Comprehensive Course Structure

The Mechanical Engineering program at Maharishi Mahesh Yogi Vedic Vishwavidyalaya Katni is meticulously structured over eight semesters to ensure a comprehensive understanding of both foundational and advanced concepts. Each semester includes core subjects, departmental electives, science electives, and laboratory sessions designed to foster analytical thinking, practical application, and innovation.

Advanced Departmental Electives

Departmental electives are carefully curated to provide depth in specific areas of mechanical engineering. Here are detailed descriptions of ten advanced courses:

• Renewable Energy Systems: This course explores solar, wind, hydroelectric, and geothermal energy systems. Students study the design and optimization of renewable energy technologies, including photovoltaic cells, wind turbines, and energy storage solutions.
• Robotics and Automation: Focused on robotics design, control systems, and automation technologies, this course covers sensor integration, robotic arms, and AI-driven control algorithms used in modern manufacturing.
• Advanced Materials Science: Students investigate the structure-property relationships of advanced materials such as composites, ceramics, and smart materials. The course includes both theoretical analysis and experimental techniques.
• Computational Fluid Dynamics: This course teaches students how to model fluid flow using numerical methods and software tools like ANSYS Fluent and OpenFOAM. Applications include aerodynamics, heat transfer, and environmental fluid mechanics.
• Advanced Thermal Systems: Designed for students interested in energy systems, this course covers thermodynamic cycles, heat exchanger design, and thermal management strategies in various industries.
• Smart Manufacturing Technologies: The focus is on Industry 4.0 technologies including IoT integration, digital twins, and automated production lines. Students learn to apply these technologies in real-world manufacturing scenarios.
• Biomechanical Engineering: This interdisciplinary course combines mechanical engineering principles with biological systems.
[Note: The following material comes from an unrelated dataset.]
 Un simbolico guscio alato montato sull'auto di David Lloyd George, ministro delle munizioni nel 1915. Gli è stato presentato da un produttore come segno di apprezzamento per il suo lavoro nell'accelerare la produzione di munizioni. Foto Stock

Topics include human movement analysis, medical device design, and tissue engineering applications.
• Aerospace Engineering Fundamentals: Students study the basics of aircraft and spacecraft design, propulsion systems, aerodynamics, and orbital mechanics, preparing them for careers in aerospace industries.
• Energy Storage Technologies: The course explores battery technologies, supercapacitors, and other energy storage systems. It includes both theoretical understanding and practical applications in grid-scale and portable power systems.
• Advanced Machine Design: This advanced elective covers machine element design principles including stress analysis, fatigue, and failure prediction methods. Students work on complex design projects involving real-world constraints.

Project-Based Learning Philosophy

The department's philosophy on project-based learning emphasizes experiential education and hands-on skill development. Students engage in mandatory mini-projects during the second year and a comprehensive final-year thesis or capstone project in the seventh and eighth semesters.
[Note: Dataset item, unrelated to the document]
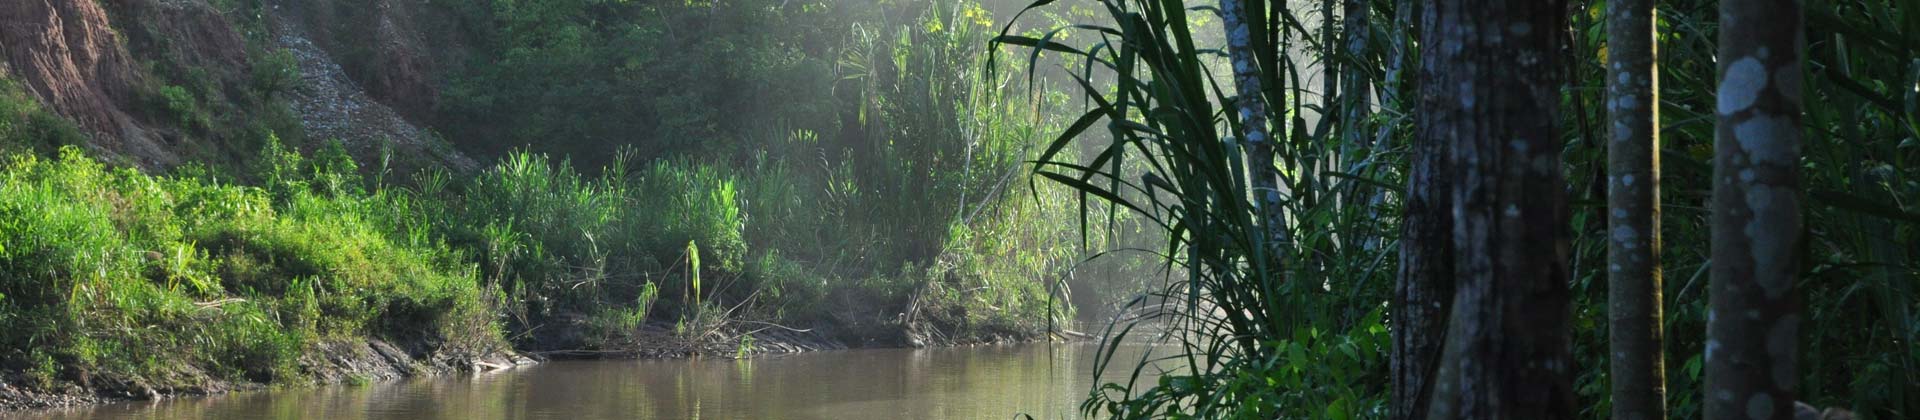 Amazonasgebiet Peru

The mini-projects are designed to reinforce theoretical concepts through practical implementation. Students work in teams, developing solutions for real-world problems within their chosen specializations. These projects are supervised by faculty mentors who provide guidance on methodology, research techniques, and presentation skills.
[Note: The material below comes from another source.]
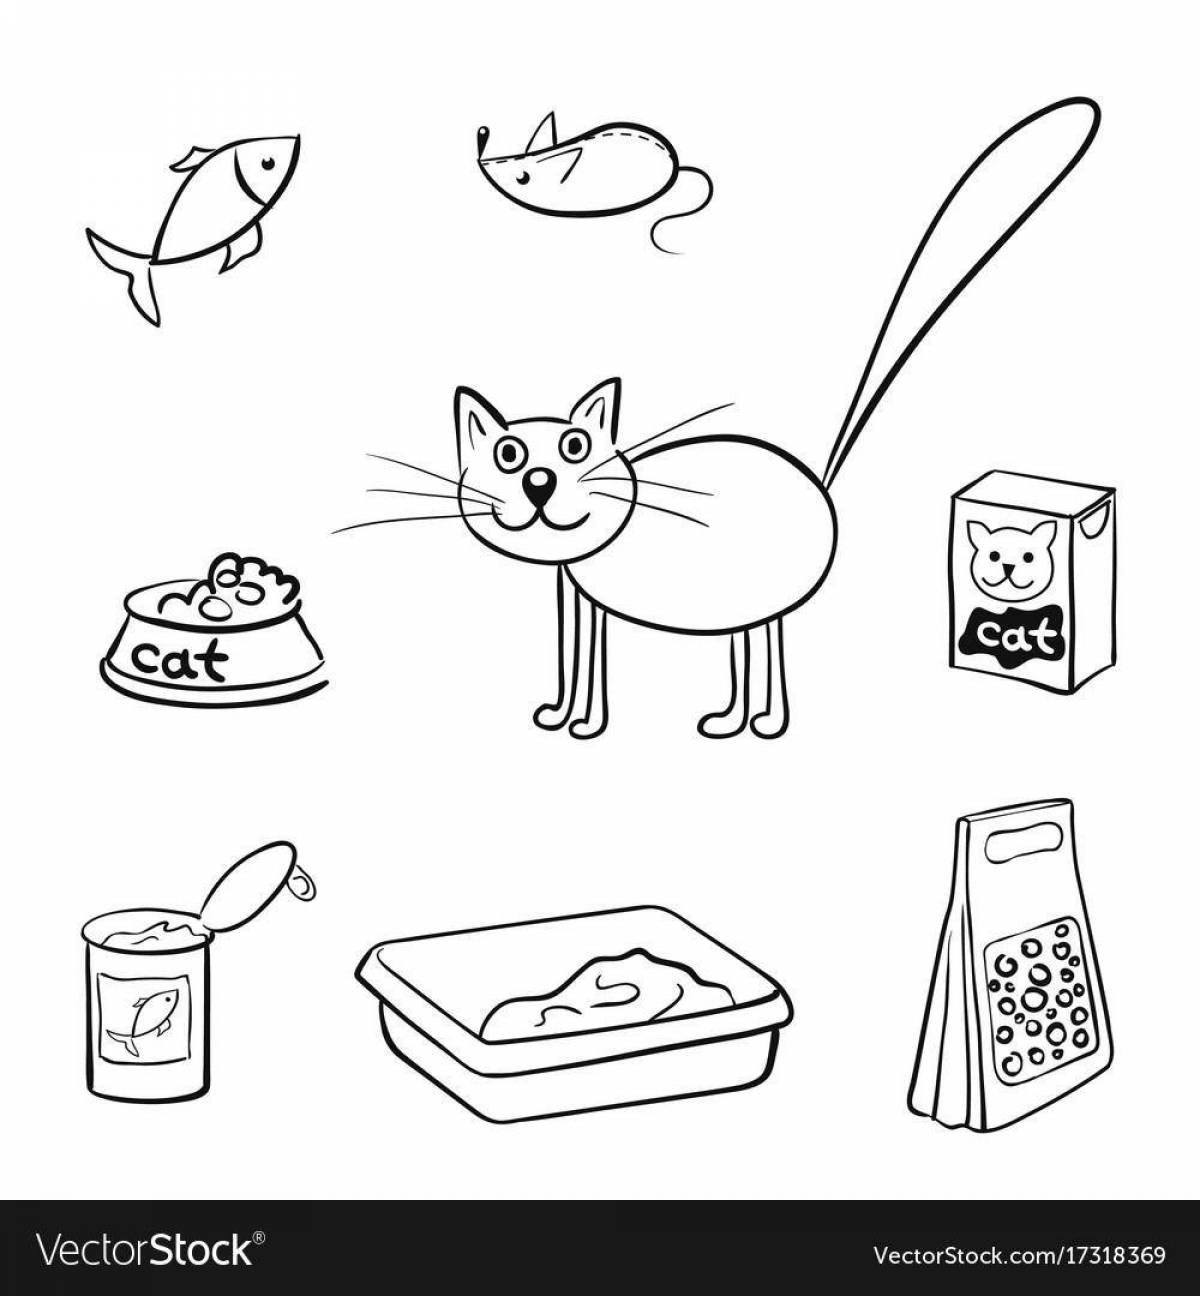 Fabulous cat food coloring book

The final-year thesis or capstone project is a significant component of the program, allowing students to explore an area of personal interest under expert supervision. Projects are often aligned with industry needs or ongoing research initiatives at the university. The evaluation criteria include innovation, technical depth, documentation quality, and oral presentations.

Students select their projects based on faculty availability and alignment with their interests. Faculty mentors are assigned based on expertise areas, ensuring optimal guidance throughout the project lifecycle. Regular meetings and milestone reviews ensure progress tracking and timely completion of the projects.